Your assignment | Your answer should be the full data, transcribed exactly, with no pictures in it.

Provided material |
---

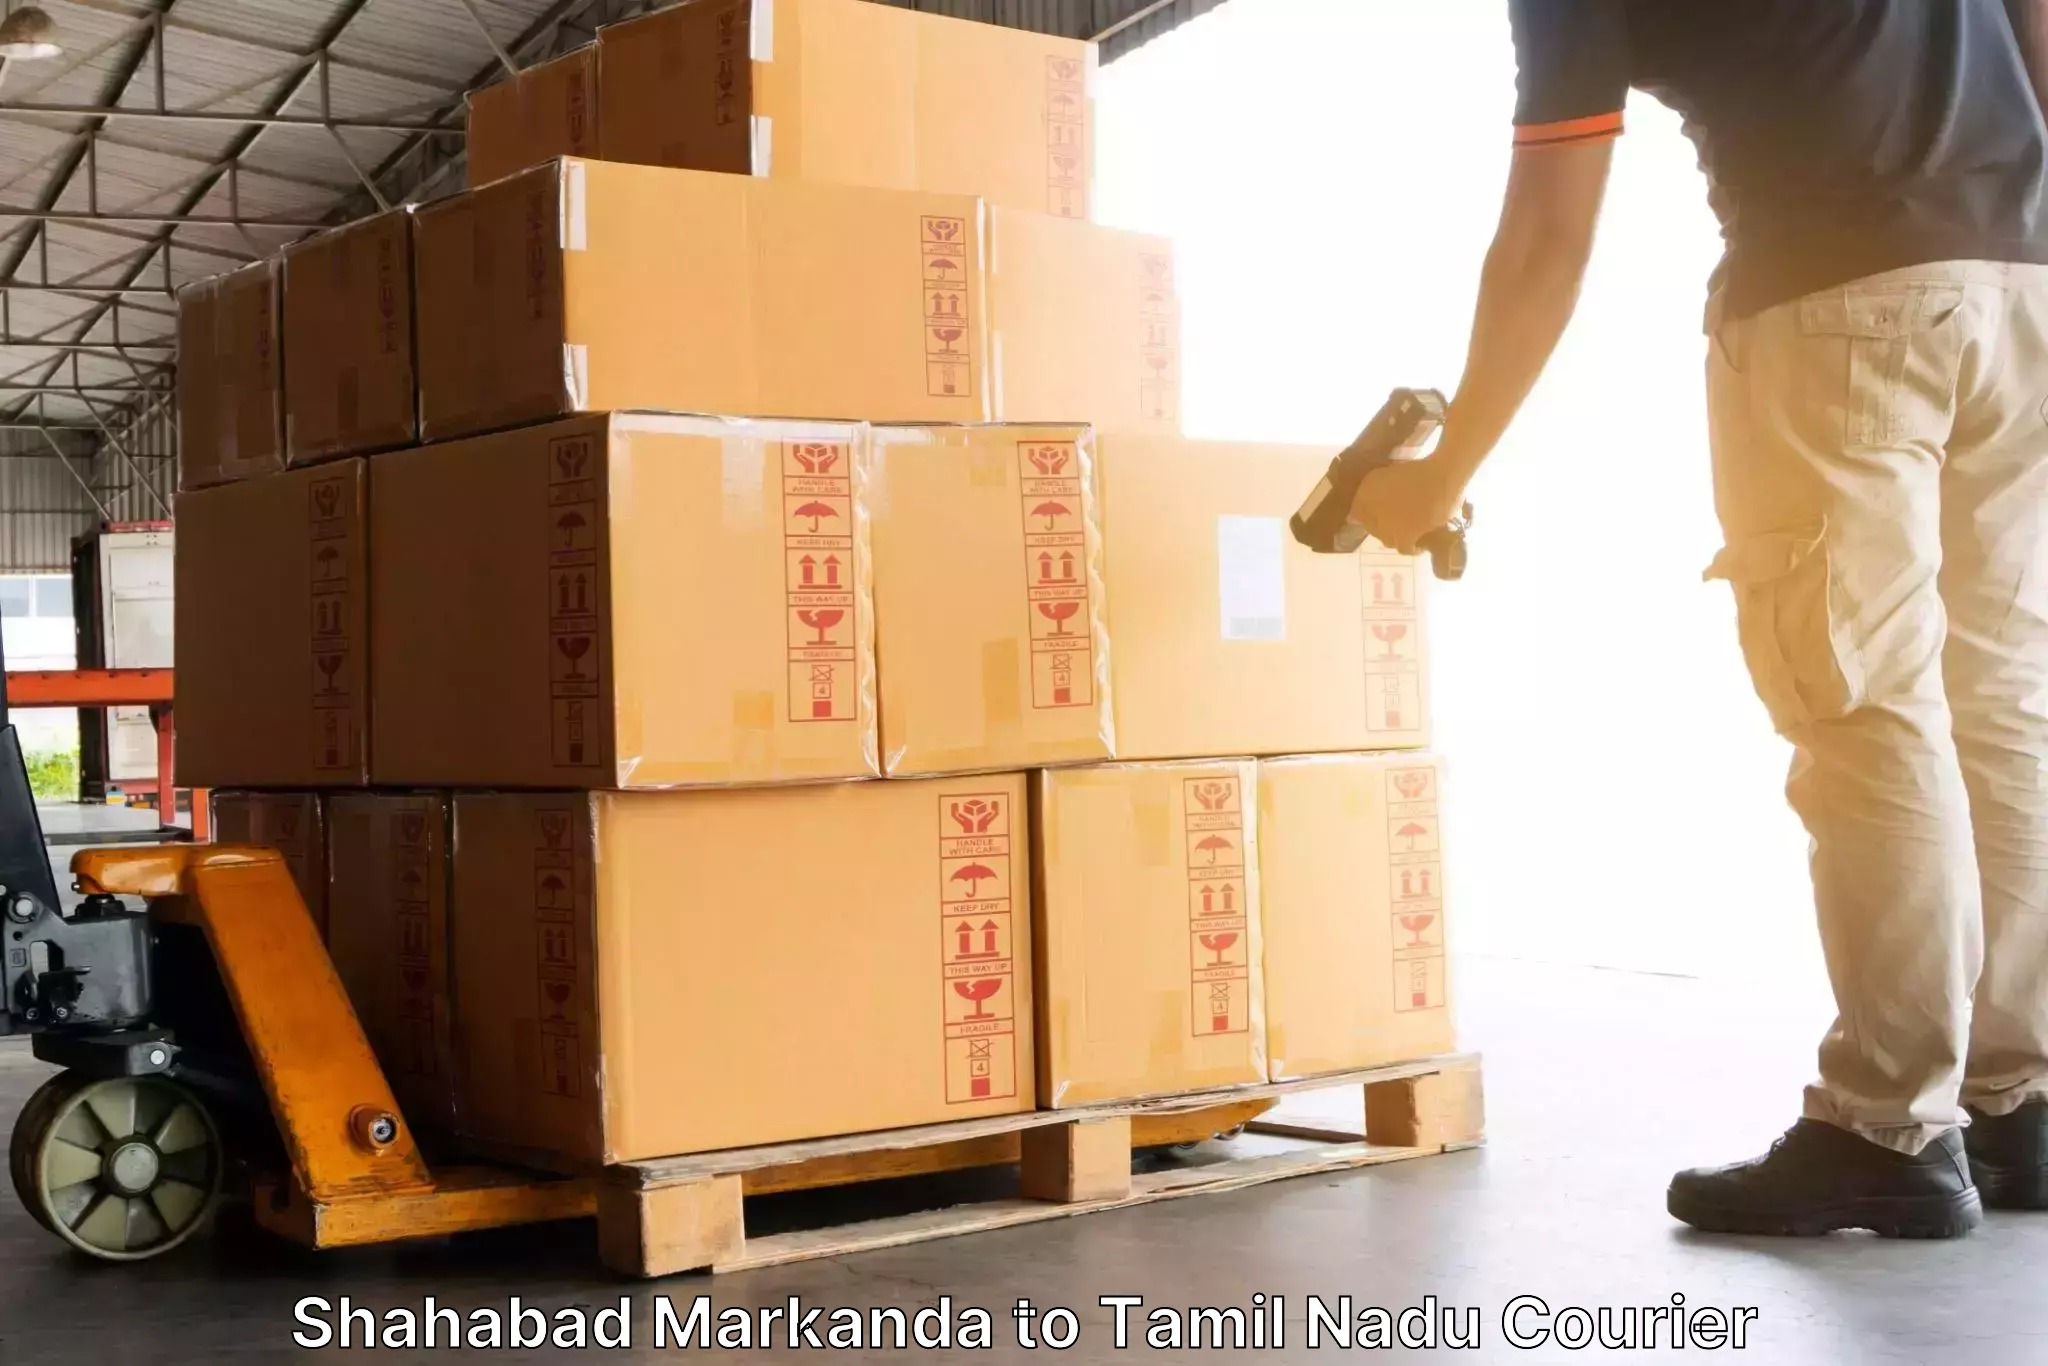 Efficient courier operations Shahabad Markanda to Kanchipuram
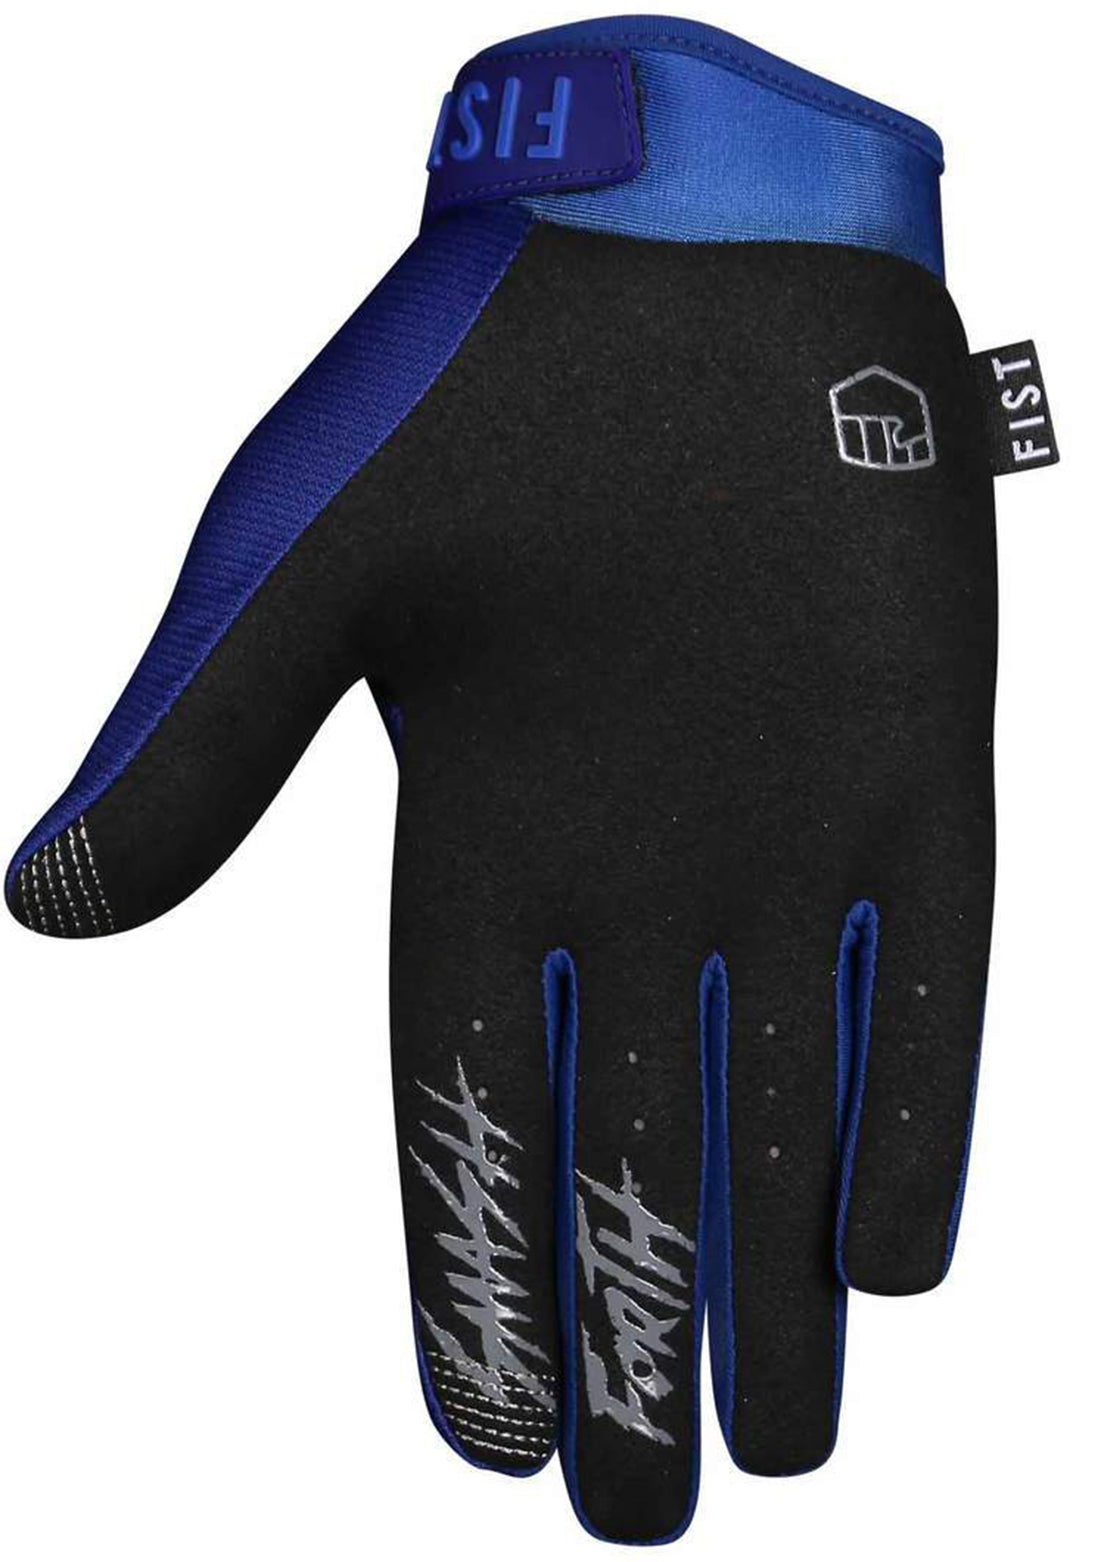 Fist Handwear Stocker Bike Gloves Blue
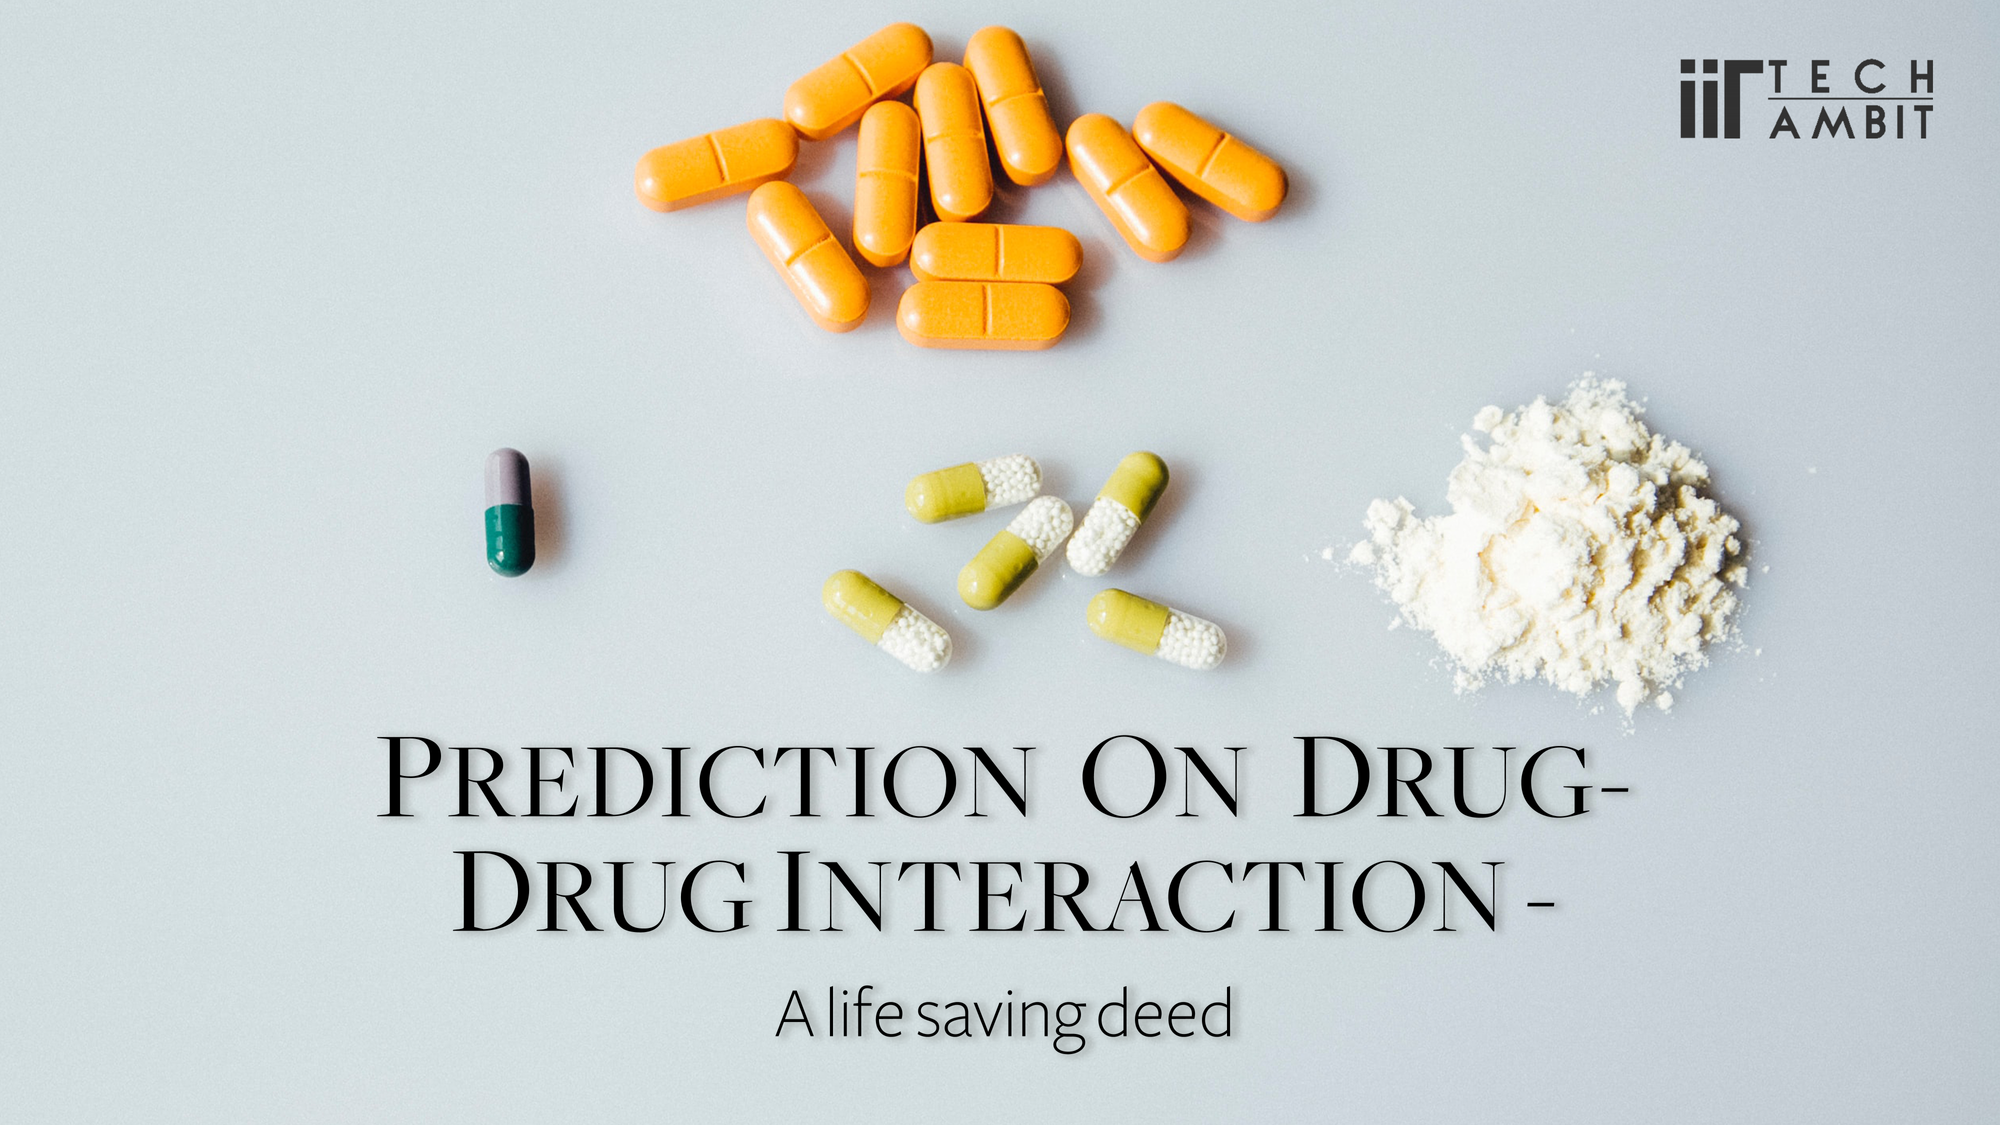 Predictions on drug-drug interaction: A life-saving deed

---

Response to the exercise |
 Efficient courier operations Shahabad Markanda to Kanchipuram
 Fist Handwear Stocker Bike Gloves Blue
 Predictions on drug-drug interaction: A life-saving deed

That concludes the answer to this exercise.